Good communication skills are vital to all our relationships, whether at work or at home, and there is much we can do to make them effective. In ‘7 Habits of Highly Effective People’, Stephen Covey encourages us to “seek first to understand and then to be understood”. Communicating well with one another is vital to understanding and we believe it’s all in how we listen.

So do you really listen?

As human beings, we are well-intentioned and often want to help or even ‘fix’ things for others. Consequently, in our everyday interactions, that can easily become seeking to speak, rather than listening. For example, waiting for the person speaking to pause for breath so we can give our:

  • advice,
  • opinion (including agreeing),
  • story of what we did when something similar happened to us.

In these circumstances neither person is really listening to the other. But, with some thought and awareness, we can learn to listen and really hear people. When we are truly heard, we connect to the person doing the listening and vice versa – which is great for all concerned.

How do we do that?

The type of listening we encourage people to practice on our sessions is ‘Listening Without Commentary’. It comes in two parts:

  • Listening without saying anything – giving our full attention to the other person without needing to say anything at all.
  • Listening without letting our mind wander off – this can be even more challenging than not saying anything. Our minds will wander off – into our own ‘commentary’ of advice, agreement / disagreement etc. and it’s natural for thoughts to arise.

We practice ‘Being Present’ on all our sessions, which is simply the act of taking notice on purpose. When we listen without commentary we bring that awareness to our listening. When you are listening to someone and you notice thoughts appearing in your head, just bring yourself back to listening again.
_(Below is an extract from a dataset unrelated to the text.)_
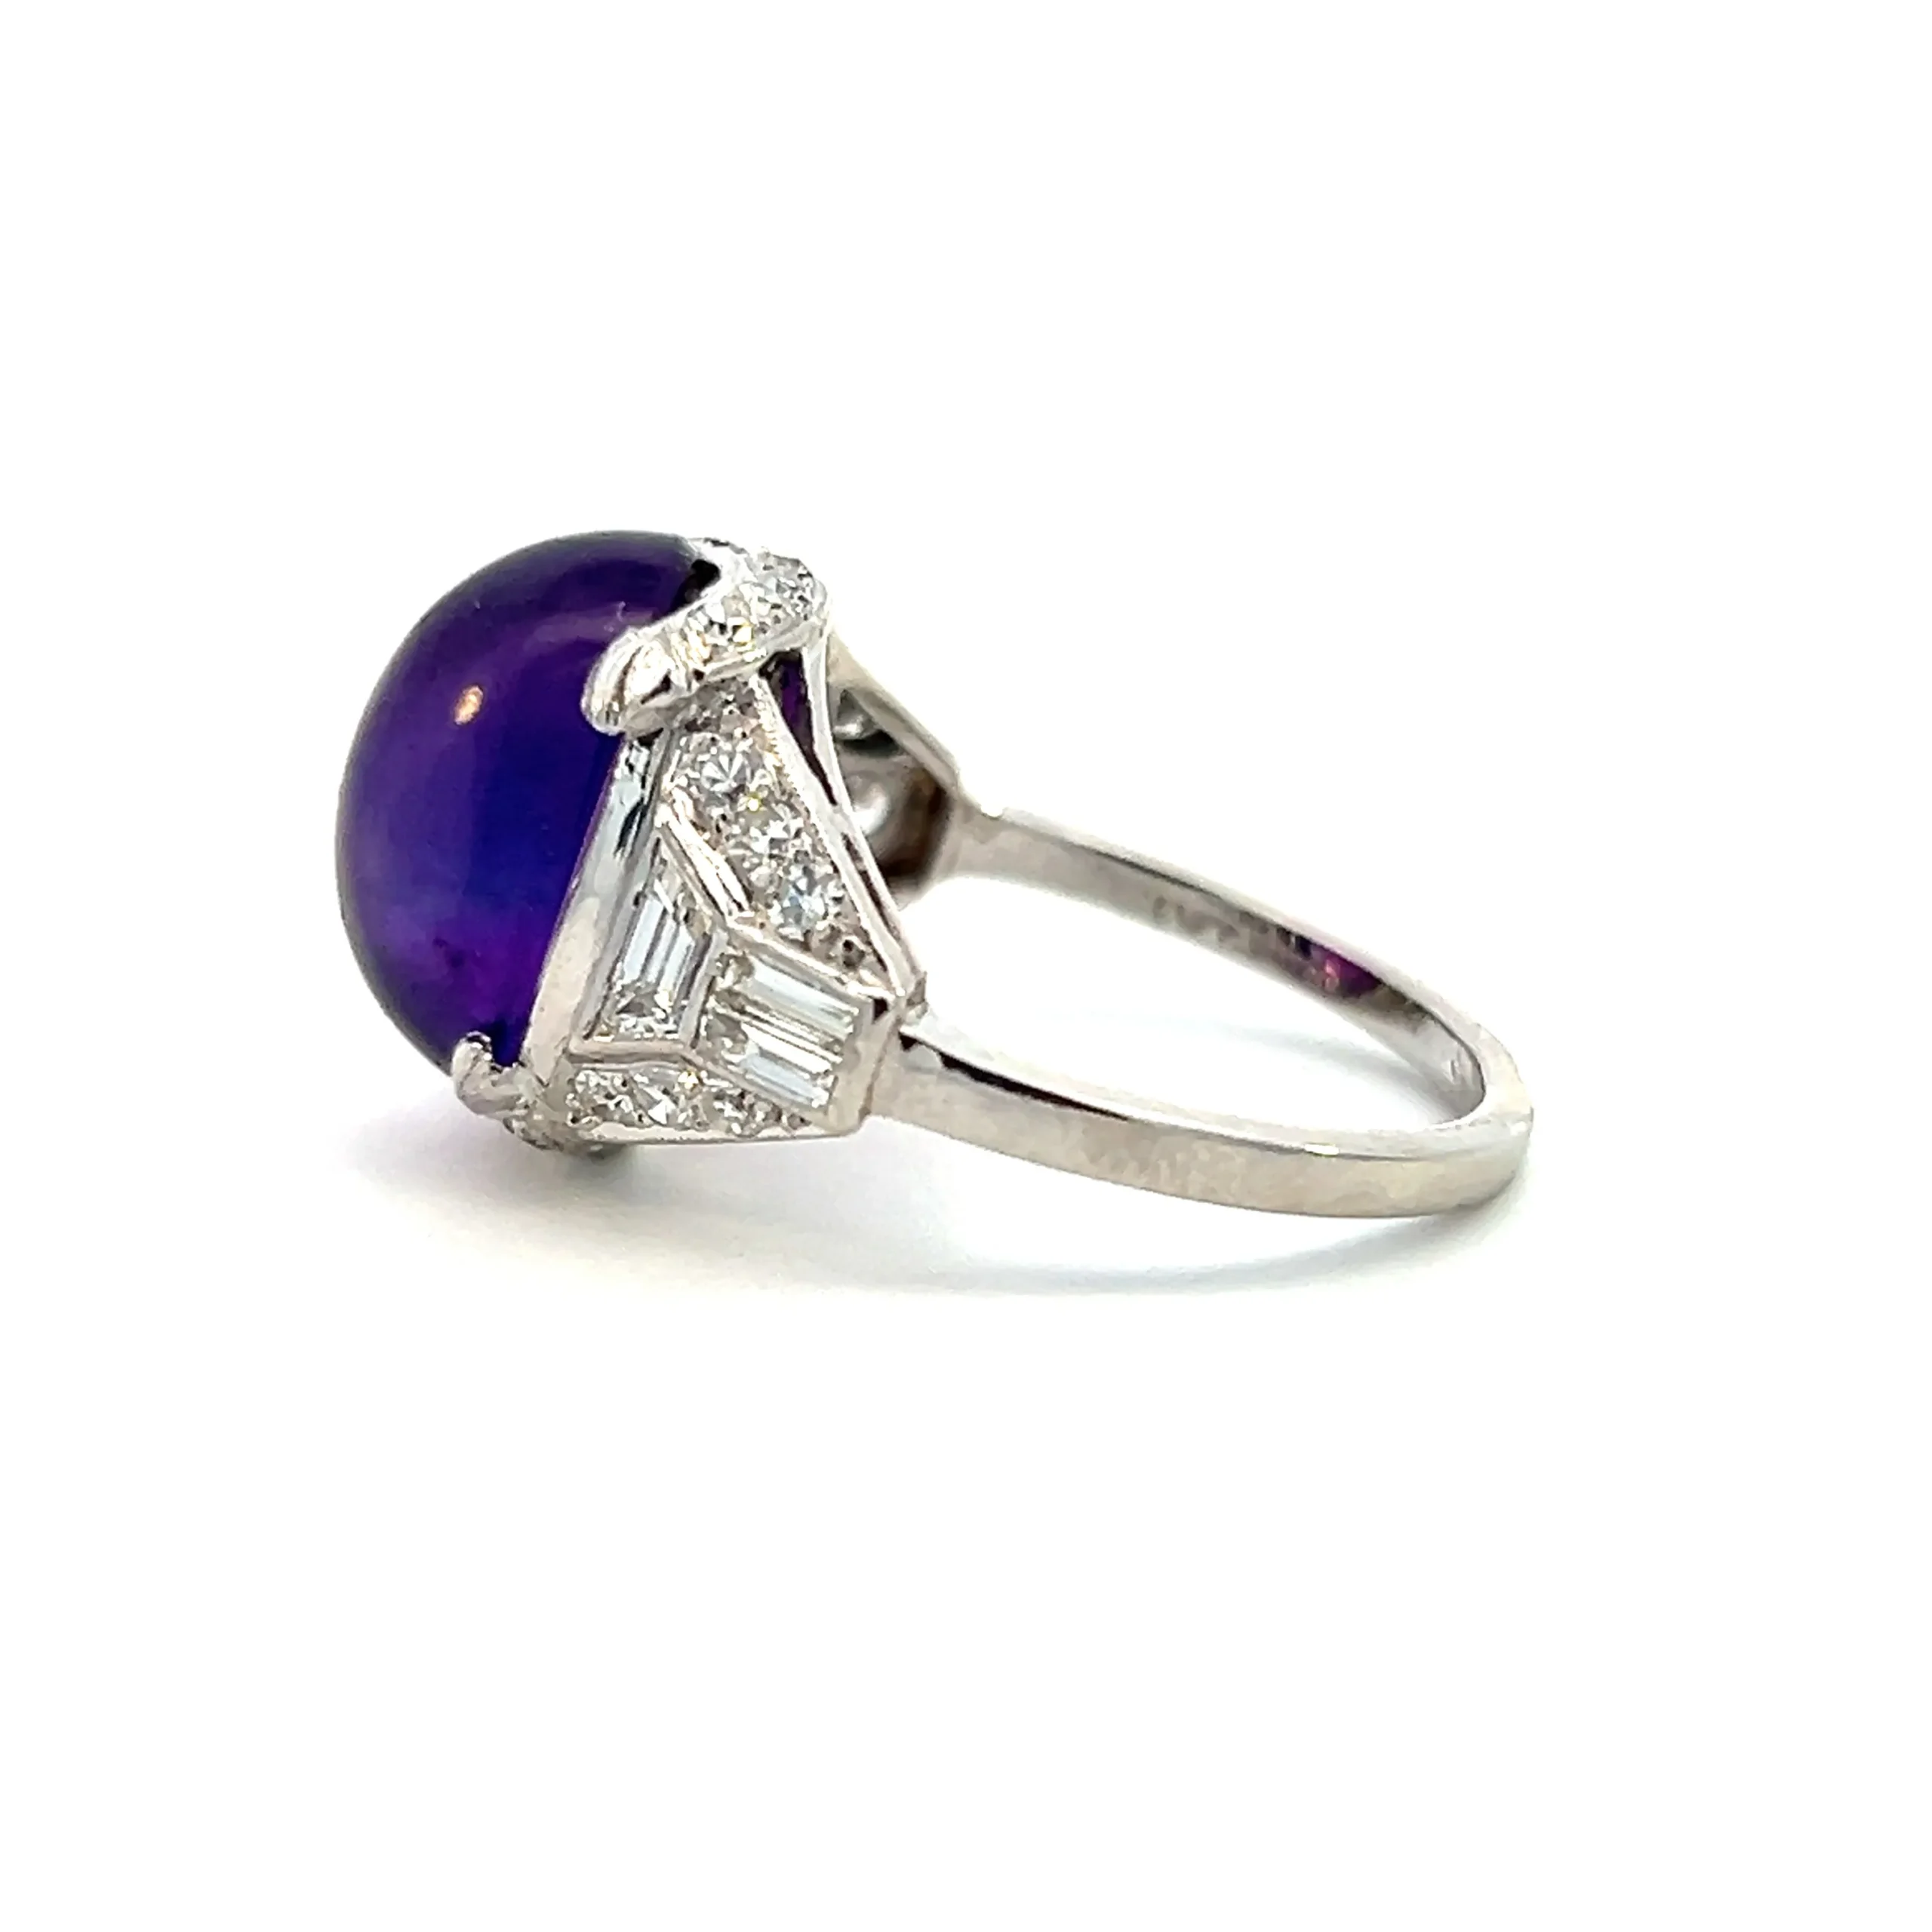 One estate vintage platinum amethyst ring from the 1920s featuring an oval cabochon dark amethyst measuring 12x10.40mm. The shoulders of the ring are accented with trapezoid diamonds, baguette diamonds, and round diamonds.

It is possible that you may have to do this again and again. There is no need to judge yourself for this, be kind and gentle and just return to listening.

Our experience is that this can take practice but being able to really listen to someone else is a gift to both them and you. Having space to truly be heard without someone judging you, trying to solve your problems or fix things for you is very helpful. Mostly when we have an opportunity to be listened to we will find a space where we can gain our own clarity about what we would like to do.

Even in everyday conversations the more you can bring yourself to ‘listen without commentary’ when someone else is speaking the better your relationships will become.